I primi sei mesi del 2026 consegnano un quadro sempre più critico per l’agricoltura piemontese e valdostana. A lanciare l’allarme è Gabriele Carenini, presidente regionale di Cia Agricoltori Italiani Piemonte e Valle d’Aosta, che denuncia una situazione economica sempre più difficile per le aziende agricole, schiacciate dall’aumento dei costi di produzione e da prezzi di mercato incapaci di garantire margini adeguati.
Secondo l’organizzazione agricola, i segnali di sofferenza coinvolgono alcuni dei comparti più rappresentativi del territorio, dal latte al vino, passando per riso e cereali. Settori che stanno affrontando una fase di forte instabilità economica, con ripercussioni dirette sulla sostenibilità delle imprese e sulla tenuta dell’intera filiera agroalimentare.
«Dopo i primi sei mesi dell’annata agricola registriamo una situazione di grande difficoltà in diversi settori strategici del comparto primario - afferma Carenini. - Le aziende stanno subendo una pressione economica sempre più pesante che rischia di compromettere la sostenibilità stessa delle attività agricole».
Costi di produzione in crescita, redditività sempre più ridotta
A pesare sui bilanci delle imprese agricole è soprattutto la continua crescita dei costi di produzione. Materie prime, energia e carburanti continuano infatti a incidere in modo significativo sui conti aziendali, mentre i prezzi riconosciuti ai produttori restano fermi o, in alcuni casi, mostrano addirittura segnali di arretramento.
Una dinamica che, secondo Cia, sta progressivamente erodendo la capacità delle aziende di generare reddito e programmare investimenti.
«I costi continuano a crescere mentre i prezzi riconosciuti ai produttori rimangono stagnanti o in regressione - sottolinea Carenini. - In queste condizioni diventa impossibile garantire redditività alle imprese. Oggi molti agricoltori lavorano senza avere un reale ritorno economico, nonostante investimenti, sacrifici e qualità delle produzioni».
Rischio desertificazione economica nelle campagne
La preoccupazione non riguarda soltanto il presente. La crisi dei margini rischia infatti di produrre effetti strutturali sul sistema agricolo regionale, scoraggiando investimenti, ricambio generazionale e innovazione. Un fenomeno che potrebbe tradursi in una progressiva perdita di competitività per uno dei settori chiave dell’economia piemontese.
Per il presidente di Cia Piemonte e Valle d’Aosta è necessario superare la logica degli interventi emergenziali e affrontare il problema con una strategia complessiva.
«Occorre affrontare il problema in modo organico e strutturale, evitando interventi frammentari o limitati ai singoli comparti.

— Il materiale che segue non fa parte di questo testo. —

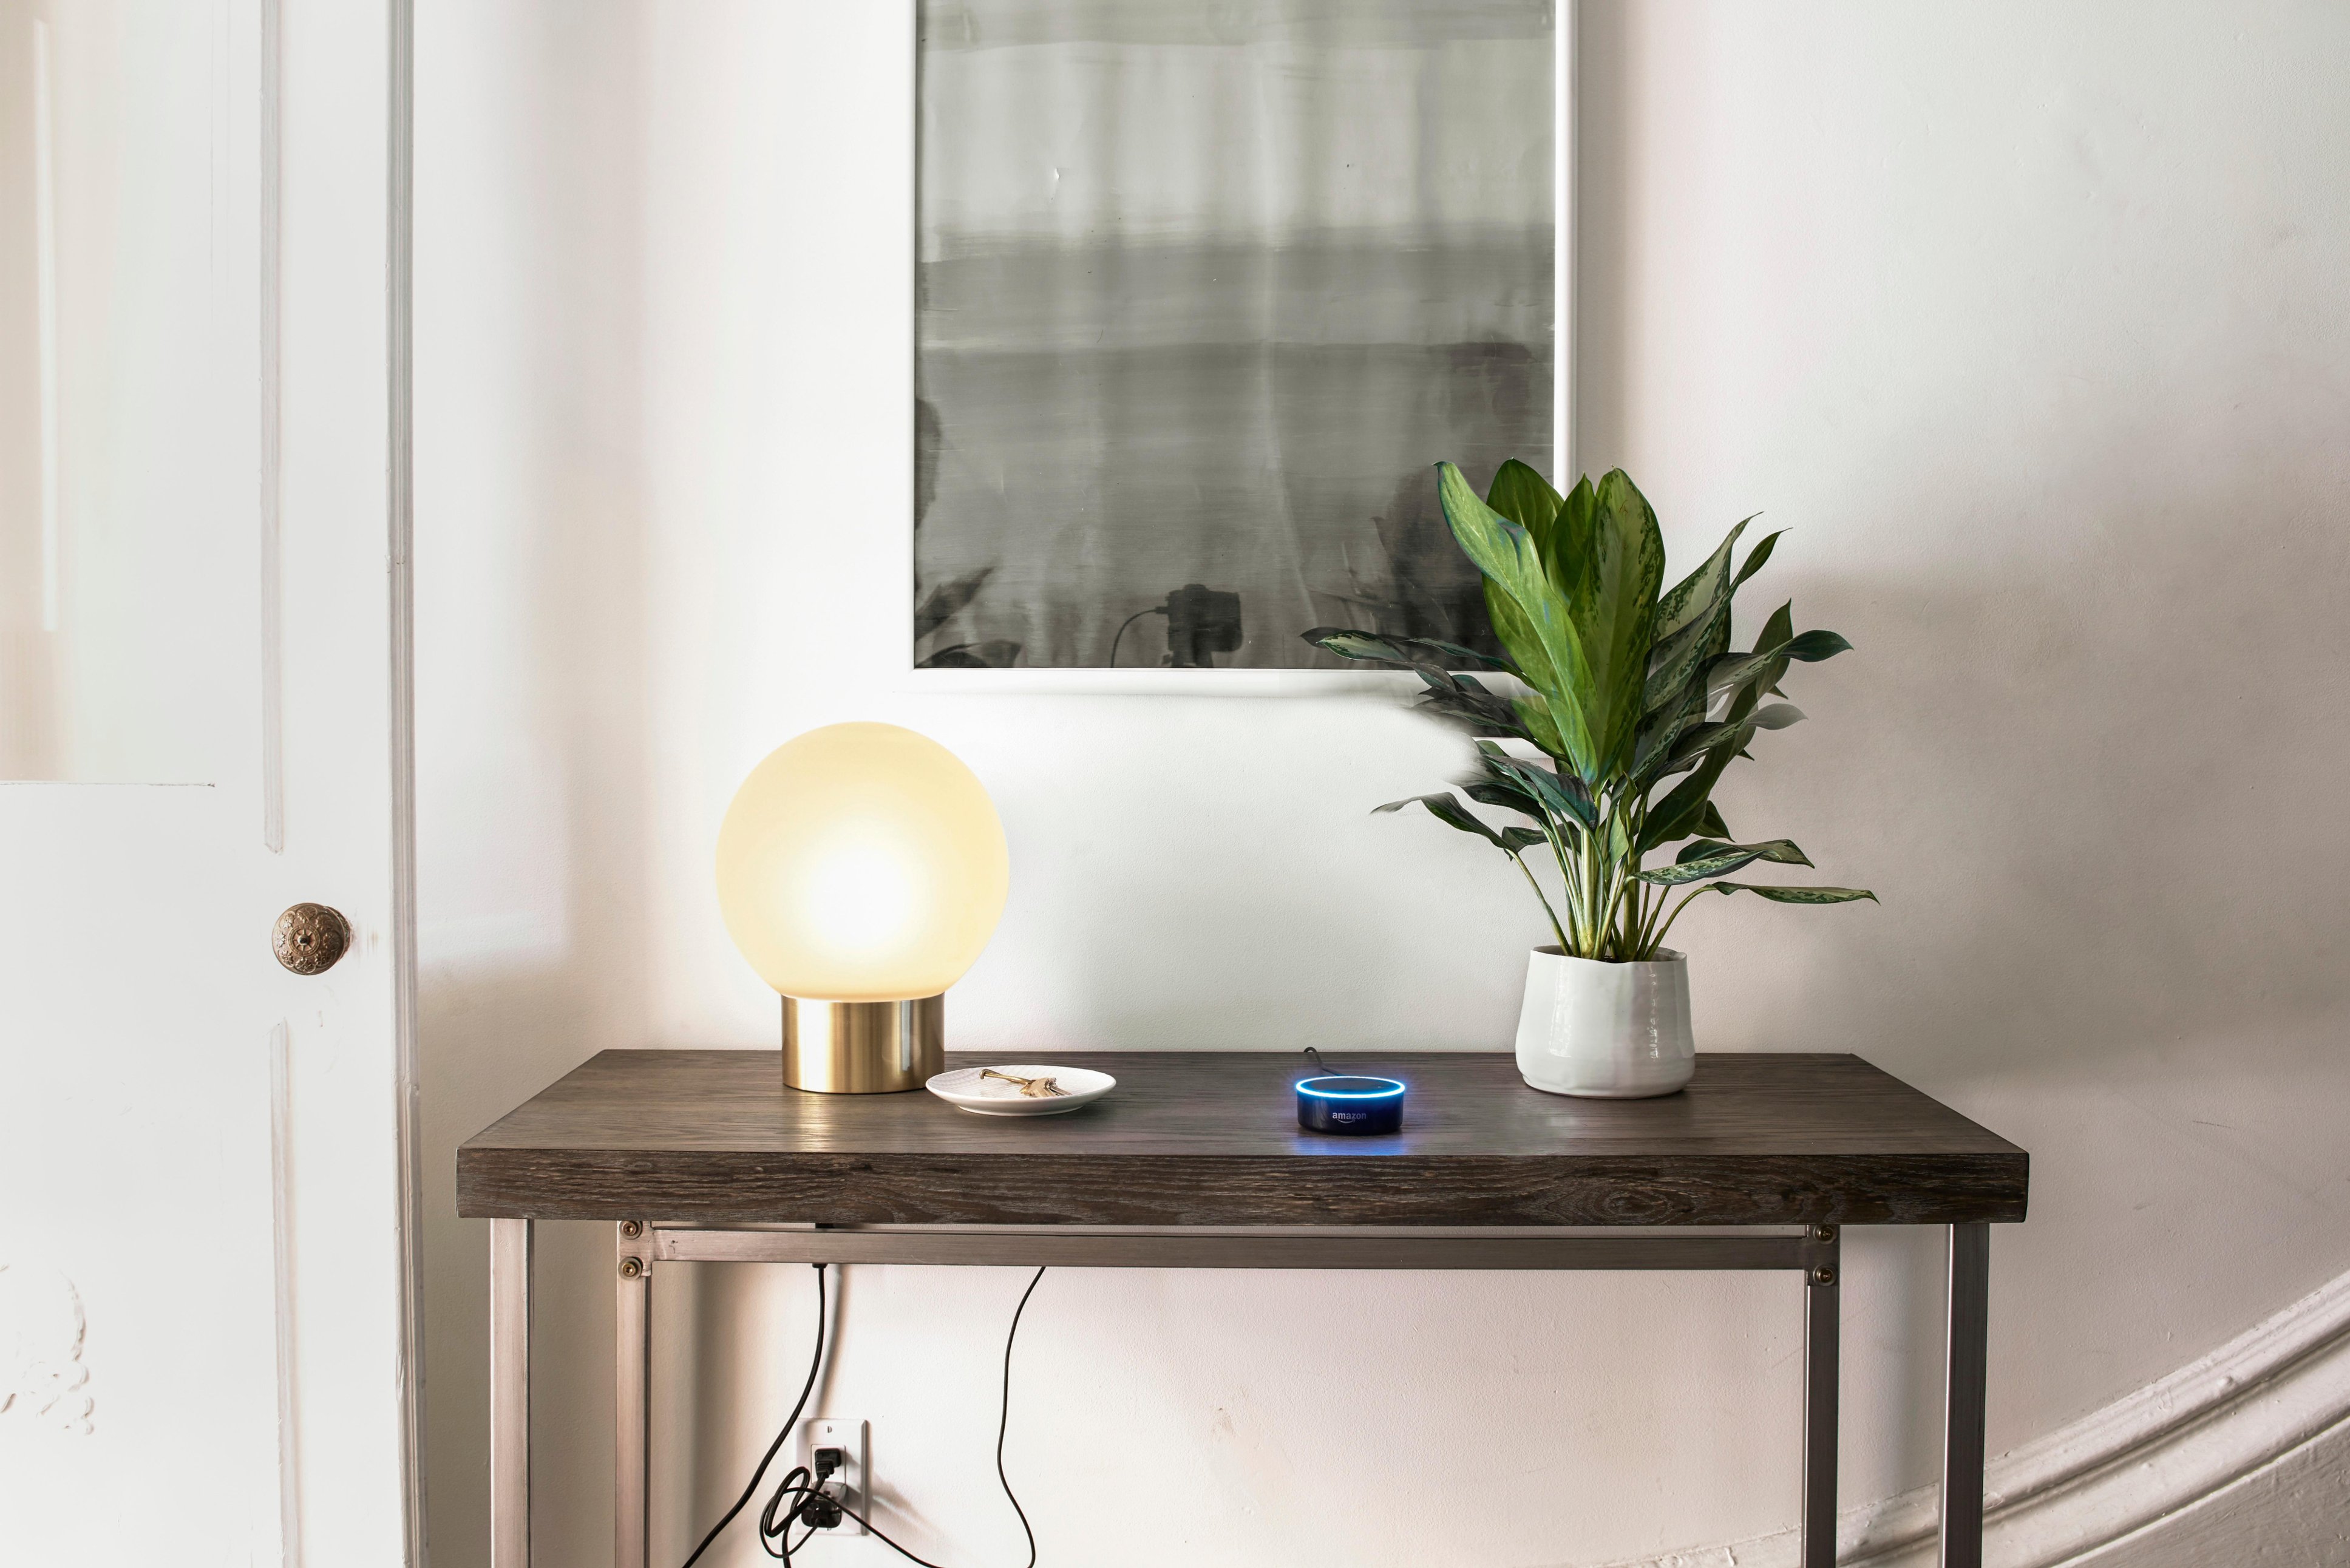 Echo Dot (2nd Generation) - Smart speaker with Alexa - Black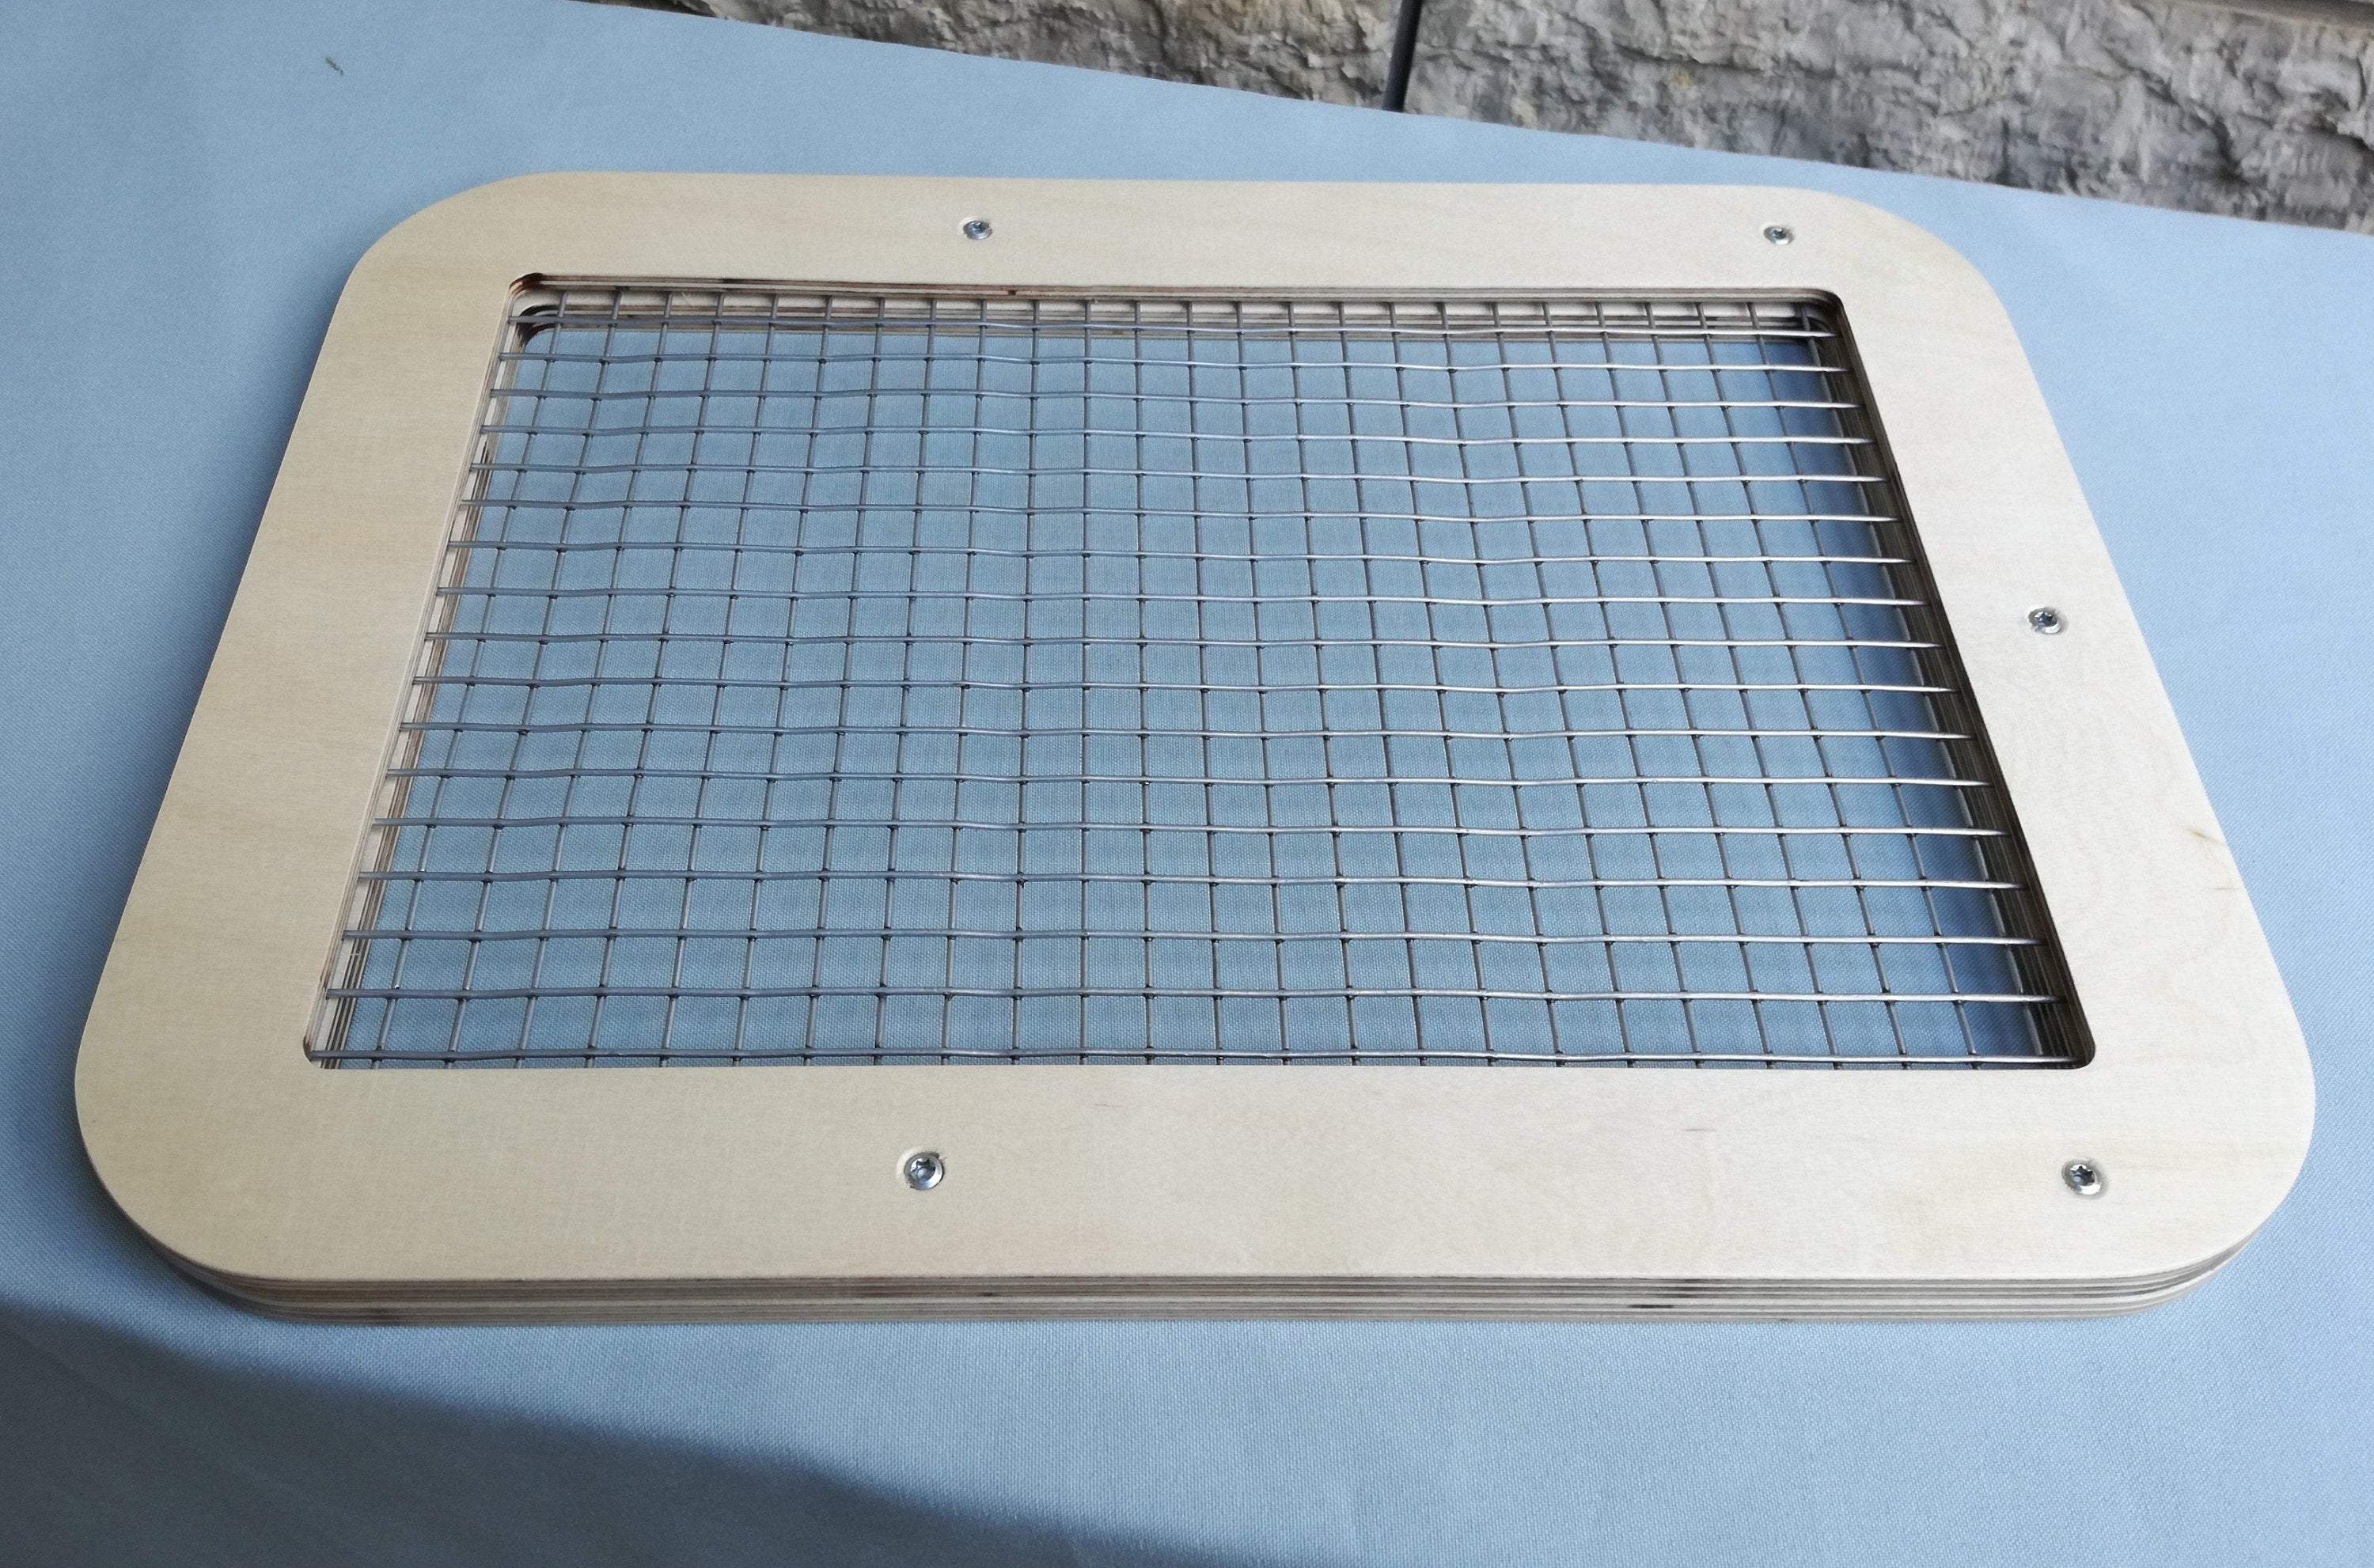 Wire mesh insert for litter trays – BunnyRabbitShop

La crisi riguarda l’intero sistema agricolo e richiede una risposta condivisa e tempestiva».
Confronto permanente con GDO ed esperti
Da qui l’appello rivolto alla Regione Piemonte, alle istituzioni e alle organizzazioni di rappresentanza affinché venga attivato in tempi rapidi un tavolo permanente di confronto capace di coinvolgere tutti gli attori della filiera.
Tra i soggetti chiamati a partecipare, Cia indica esplicitamente la Grande distribuzione organizzata, considerata un interlocutore strategico nella formazione dei prezzi e nella redistribuzione del valore lungo la catena agroalimentare.
«Chiediamo alla Regione Piemonte di attivare immediatamente un tavolo di confronto coinvolgendo anche esperti esterni e la Grande distribuzione organizzata - conclude Carenini. - Servono indicazioni urgenti, misure efficaci e una visione di prospettiva per restituire fiducia agli operatori del settore e garantire un futuro all’agricoltura del nostro territorio».
La richiesta arriva in una fase particolarmente delicata per il comparto agricolo regionale, che continua a rappresentare uno dei pilastri economici del Piemonte ma che oggi si trova a fare i conti con una crescente compressione dei margini e con l'incertezza dei mercati. Una situazione che, senza interventi condivisi e tempestivi, rischia di trasformarsi in una vera emergenza economica per migliaia di aziende agricole.